ACTION ITEM —
Where the line containing "Atmel Mikrocontroller AT32UC3L032-AUT- TQFP-48" appears below, begin there and reproduce each line exactly through the last one, omitting pictures.

DATA SHOWN —
————————

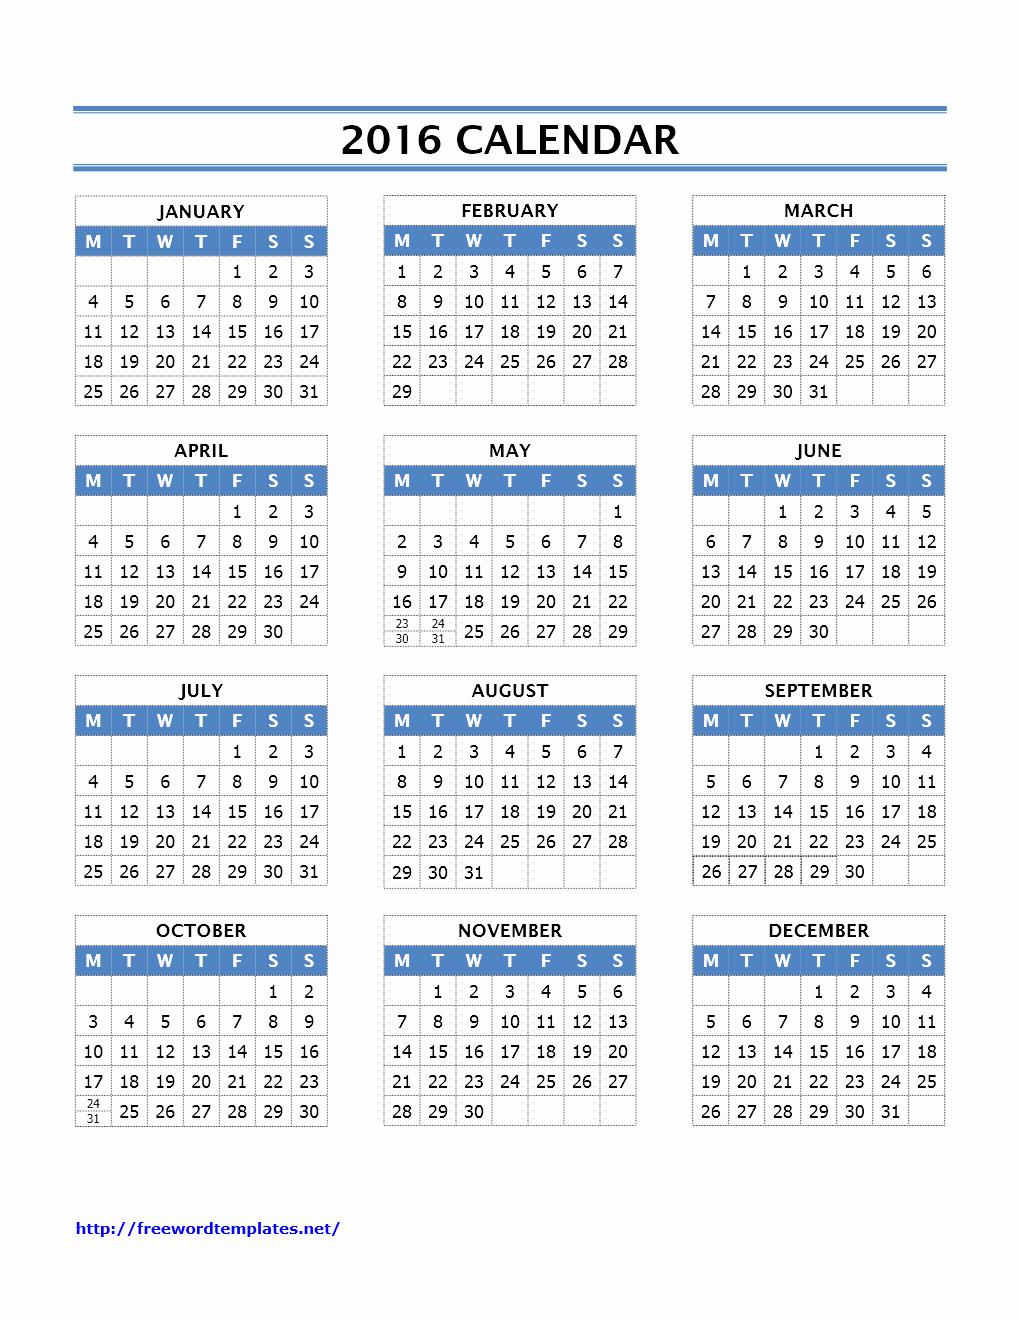 Calendar 2016 Printable with Holidays New 2016 Calendar Templates
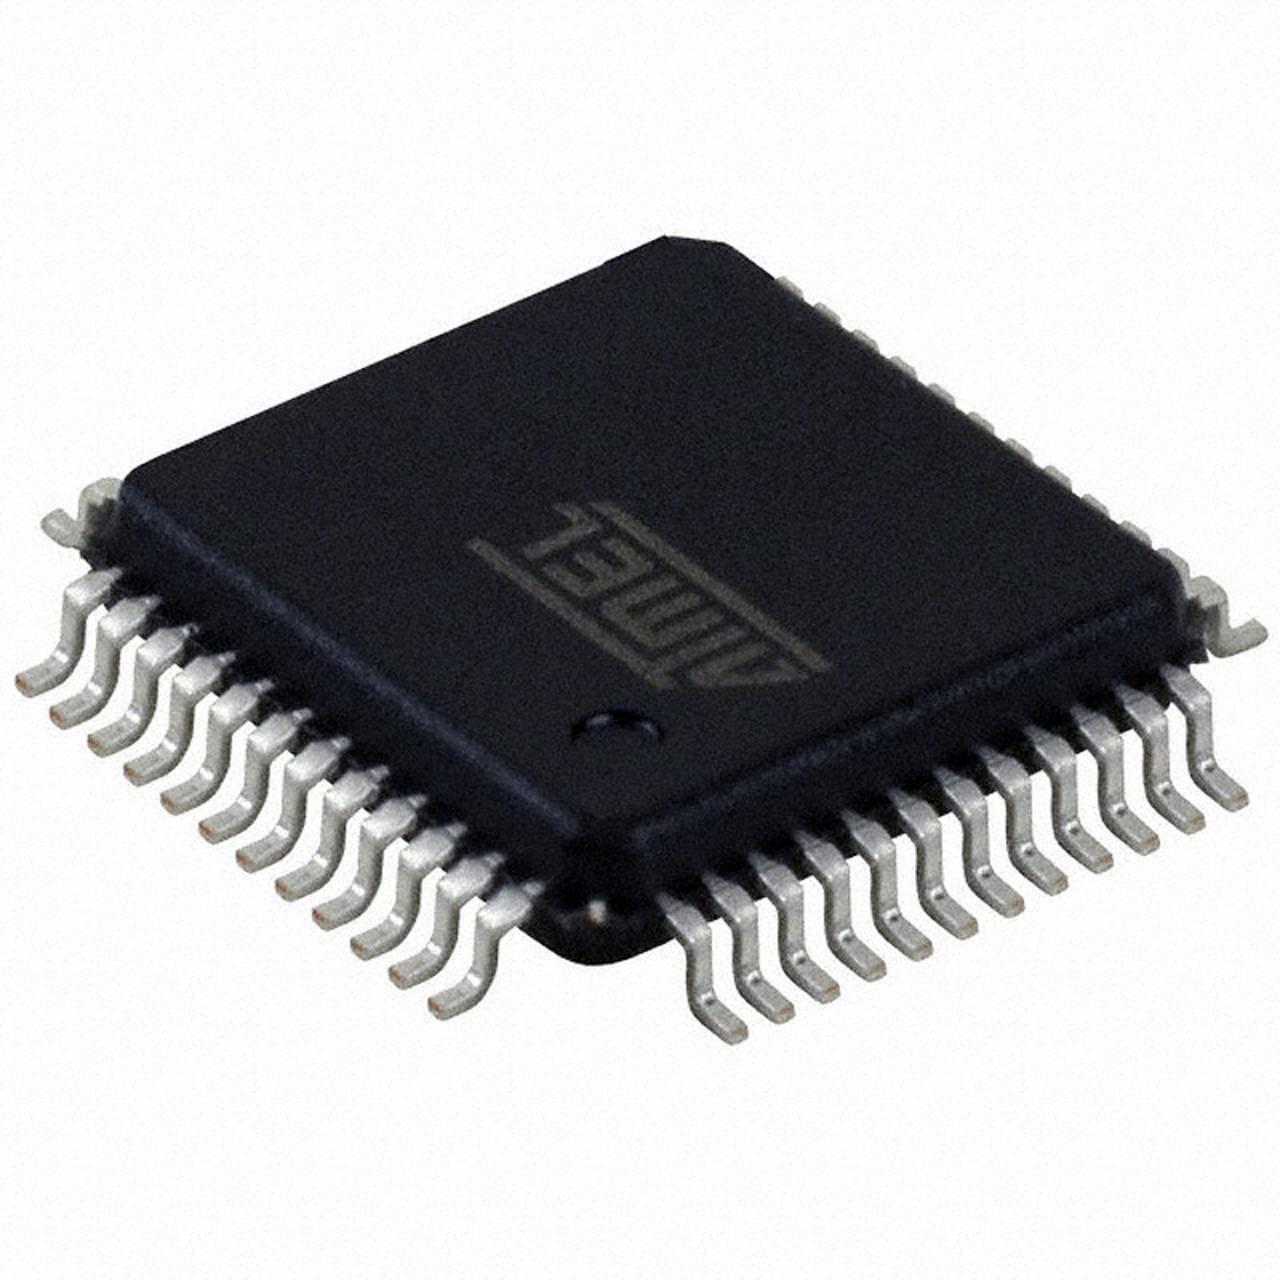 Atmel Mikrocontroller AT32UC3L032-AUT- TQFP-48
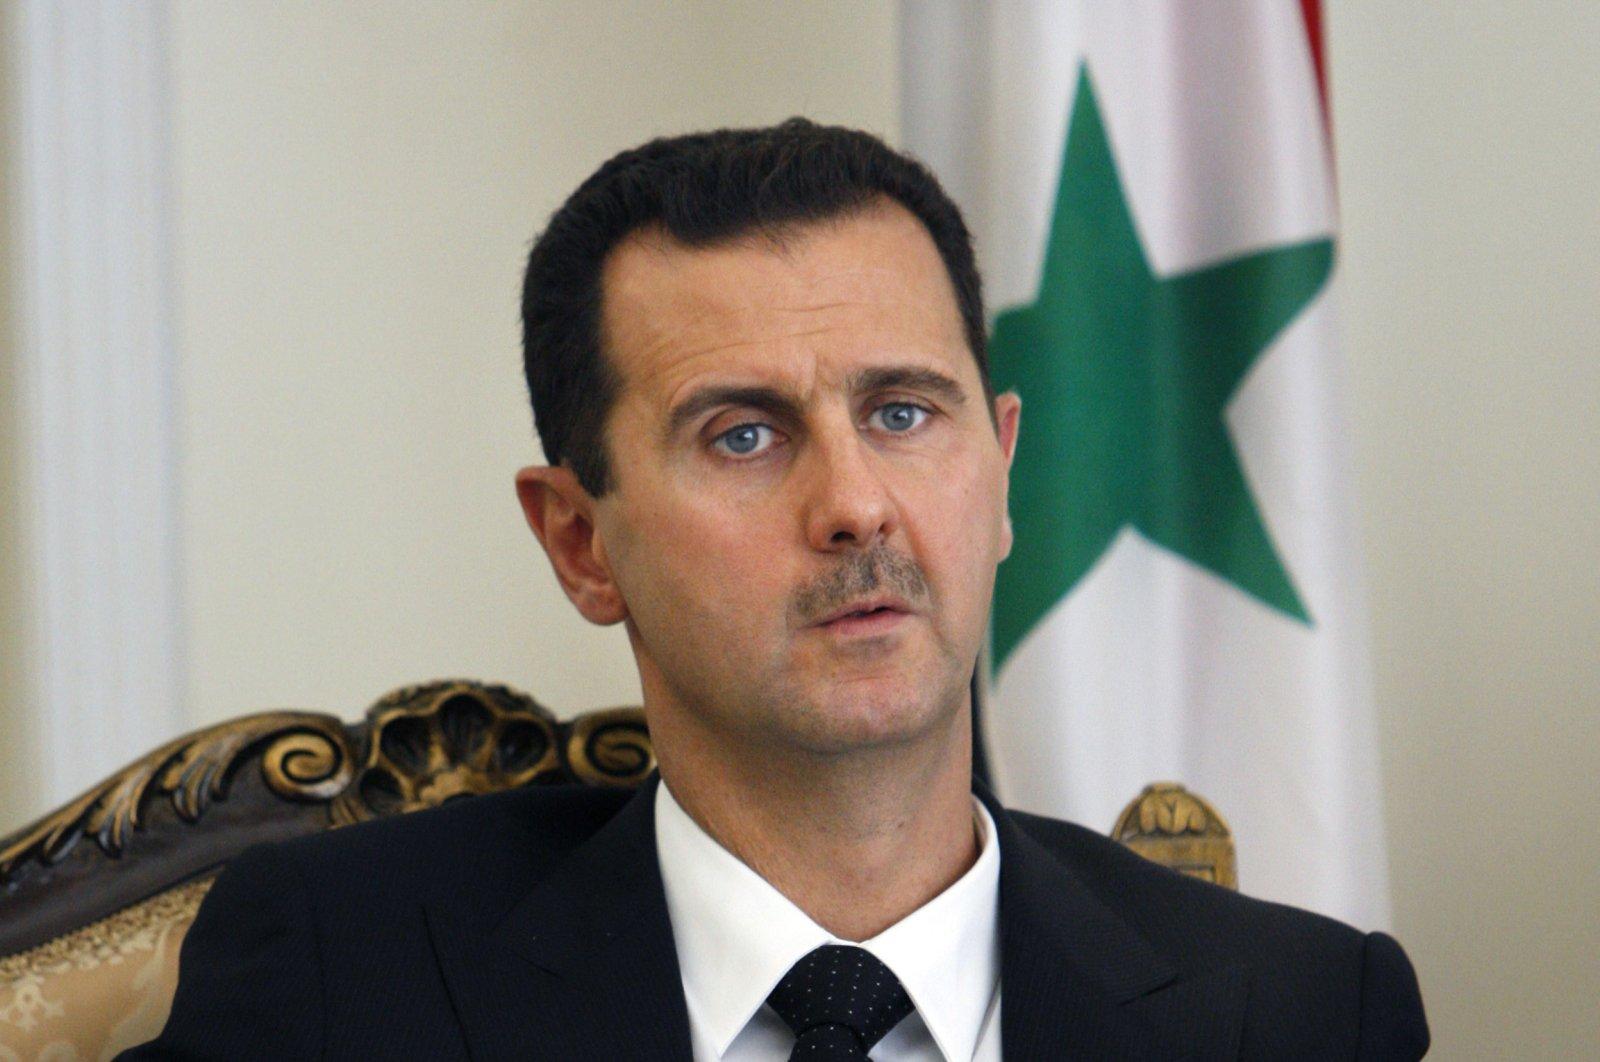 Syrian Bashar Assad during a meeting with his Iranian counterpart Mahmoud Ahmadinejad in Tehran, Iran, Aug. 19, 2009. (AP Photo)

————————

EXERCISE RESULT —
 Atmel Mikrocontroller AT32UC3L032-AUT- TQFP-48
 Syrian Bashar Assad during a meeting with his Iranian counterpart Mahmoud Ahmadinejad in Tehran, Iran, Aug. 19, 2009. (AP Photo)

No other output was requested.